Problem Description
Two players, Alice and Bob, take turns replacing '?' characters in a given even-length string with digits. Alice goes first, and the game ends when there are no '?' left. Bob wins if the sum of digits in the first half equals the sum of digits in the second half; otherwise, Alice wins. Given that both play optimally, determine the winner.
Key Insights
- The order of moves does not affect the final outcome; only the initial known digits and the count of '?' characters in each half matter.
- Each '?' can be thought of as having the potential to contribute a maximum difference of 9, but since moves alternate, each move can only secure half of that impact.
- If we let countLeft and countRight be the number of '?' in the first and second halves and sumLeft and sumRight be the sum of known digits in the two halves, then Bob can force a draw (win) if and only if 2 * (sumLeft - sumRight) equals 9 * (countRight - countLeft).
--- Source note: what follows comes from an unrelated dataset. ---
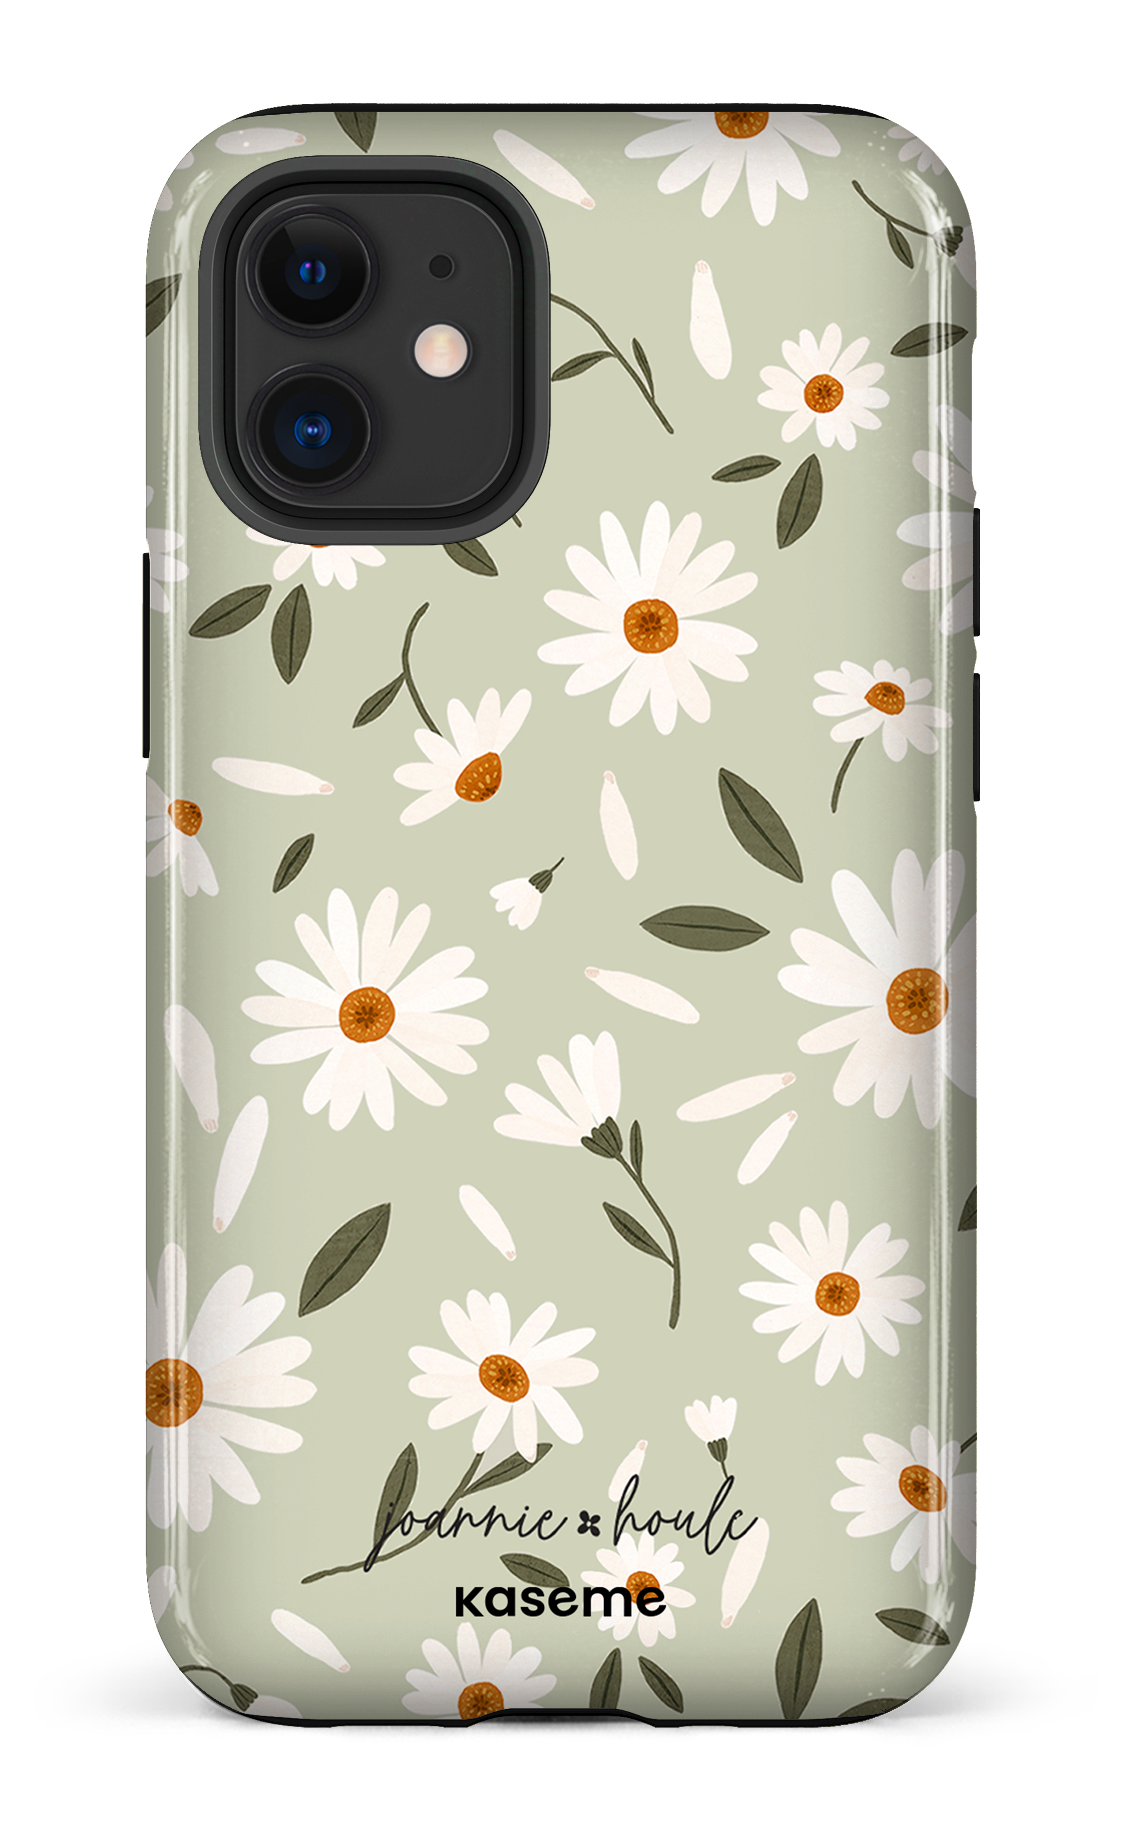 Daisy Bouquet Sage by Joannie Houle - iPhone 12 Mini

- This is because any difference in the digit sums from known digits can be offset by strategically placing the digits 9 and 0 in the unknown positions.
Space and Time Complexity
Time Complexity: O(n), where n is the length of the string. Space Complexity: O(1), using only fixed extra space for counting.
Solution
The solution involves iterating over the string's two halves separately. For each half, sum the known digits and count the '?' characters. With these, compute the difference in sums (sumLeft - sumRight) and the difference in counts (countRight - countLeft). The balancing condition is: 2 * (sumLeft - sumRight) == 9 * (countRight - countLeft). If the condition is met, Bob can counteract any move by Alice, so Bob wins and the function returns false. Otherwise, Alice wins and the function returns true.
The key data structures used are simple counters and arithmetic operations. The algorithmic approach is greedy in that players attempt to maximize the difference when it is in their favor, but ultimately the comparison of the expected potential differences decides the outcome.